I installed fatmat over the weekend and it worked OK. I applied it after stripping out the interior to my ladies 2001 Corolla. I didn't expect it to sound like an s500 after installing the fatmat, but I did expect a very NOTICEABLE difference. Not really. I had to apply it with a heat gun using several coats to the floors, inside firewall, and trunk.. The sound of the road is softened and the stereo system in the car sounds much better but it is still not as quite as I wanted it to be. If I going to go through the trouble again I would probably buy fleece tape, expanding foam and some higher quality stuff. I decided to look into the claim that fatmat is just relabeled roofing product. Seems totally valid. I went and looked at it with a piece of fatmat I cut out and I could not tell the difference whatsoever.

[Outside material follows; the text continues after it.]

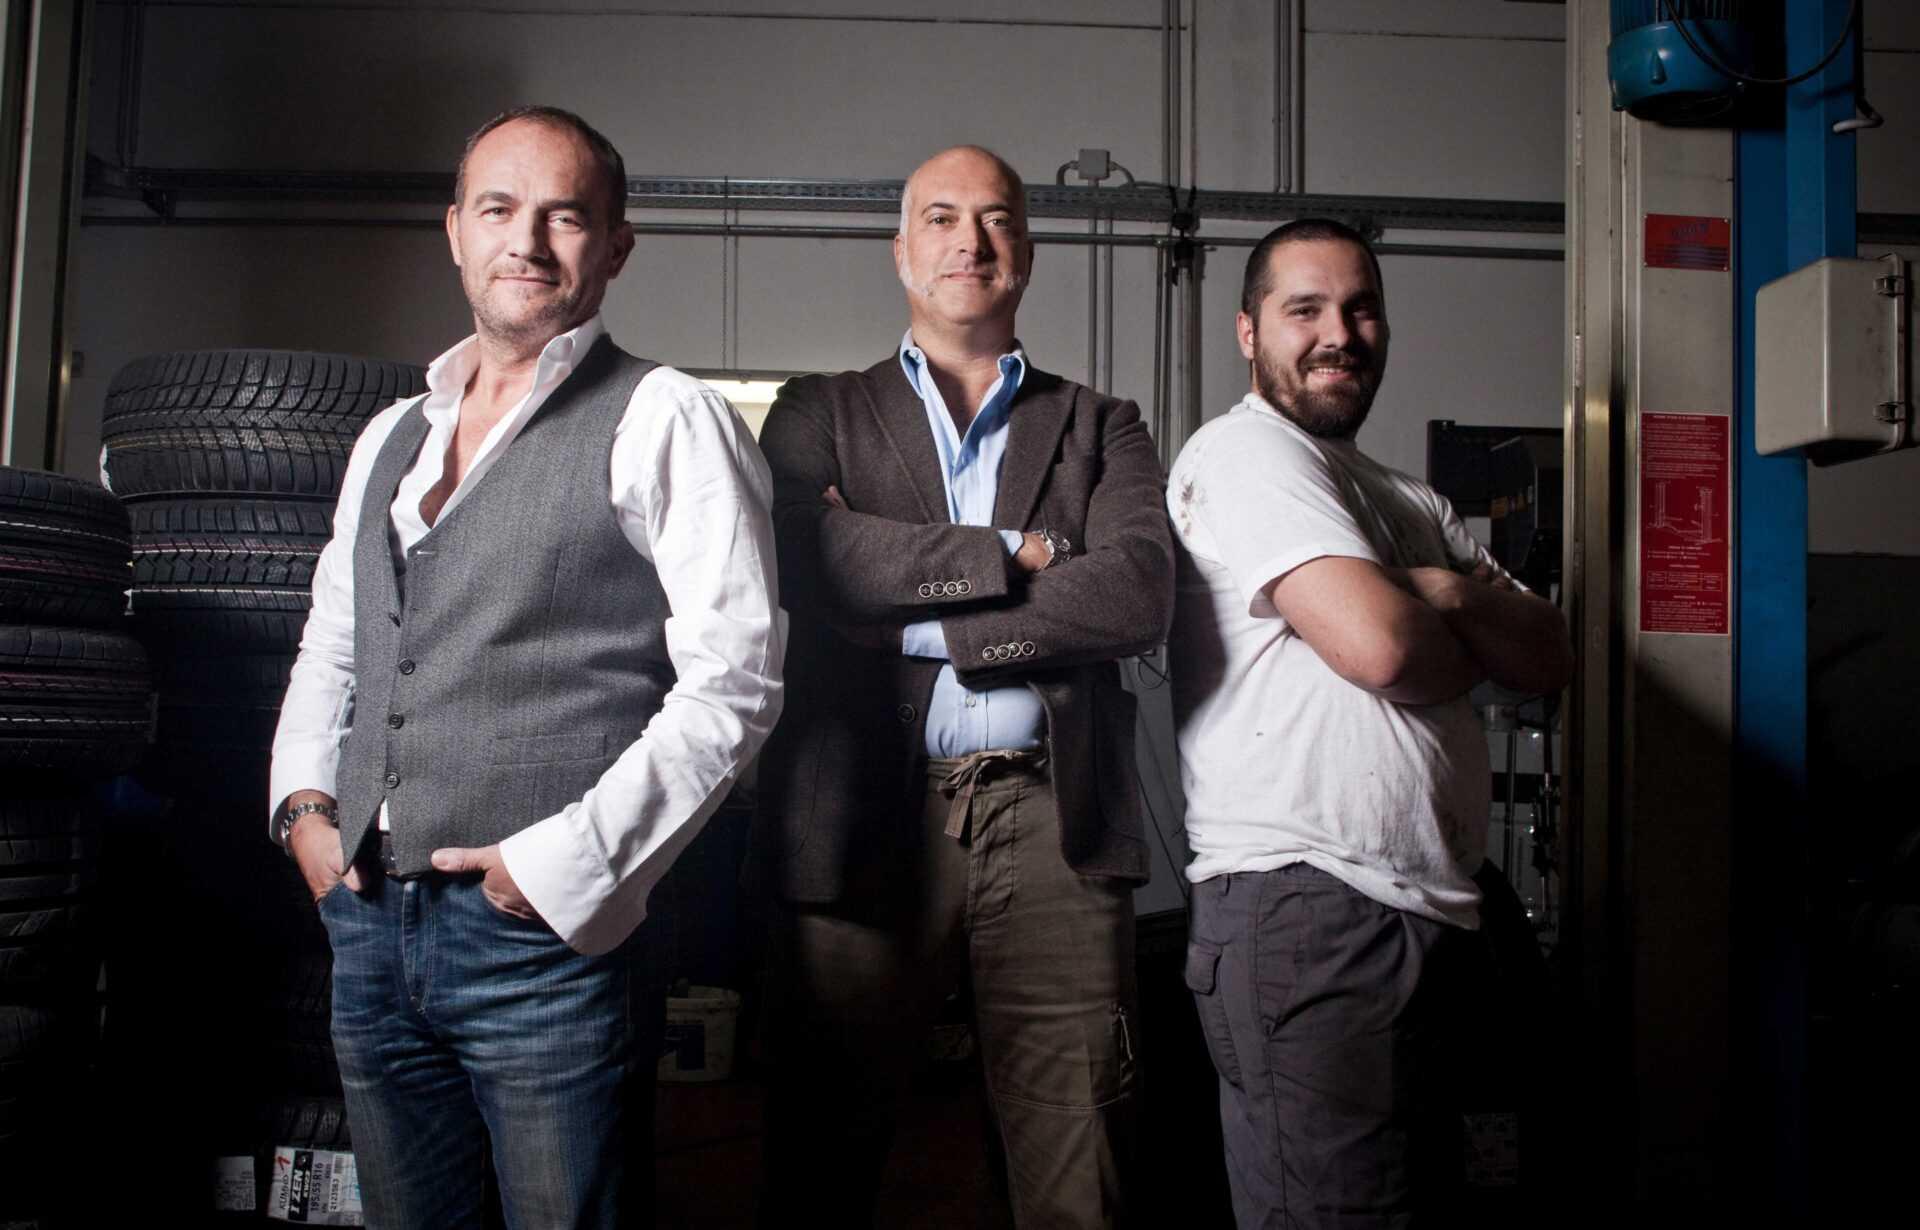 Affari a quattro ruote Italia arriva su DMAX da questa sera   Digitale terrestre: Dtti.it

TL;DR: if you are going to cut costs buy the roofing product; it is the SAME SHIT.
fatmat seems to work OK.
spend the extra $ and get high quality shit if you really care.


----------



## MR.MEMO (Sep 5, 2007)

damn glad i checked the lay it lows i was about to go to lowe's to get some peel and seal. i just used por 15 on the floor pans on my impala. i want to get some dynamat will it stick to the por 15 coating? how much material should i buy?


----------



## 79 cutty (Sep 27, 2005)

Yes it will stick, you just have to clean and prep the area with wax/grease remover or alcohol

Start with 50 sq ft...that should be enough.


----------



## <<<DR.J>>> (Jan 12, 2009)

a guy here has been using a spray on product called lizard skin he swears by the stuff I,m trying to decide what I,m going to use as well


----------



## red chev (Feb 1, 2006)

Any more info on lizard skin?


----------



## <<<DR.J>>> (Jan 12, 2009)

google it its a spray on product


----------



## 8t4mc (Jun 14, 2010)

MR.MEMO said:


> damn glad i checked the lay it lows i was about to go to lowe's to get some peel and seal. i just used por 15 on the floor pans on my impala. i want to get some dynamat will it stick to the por 15 coating? how much material should i buy?


THAT PEEL AND SEAL WORKS..IT ALL ABOUT THE PREP WITH ANY OF THEM PRODUCTS.


----------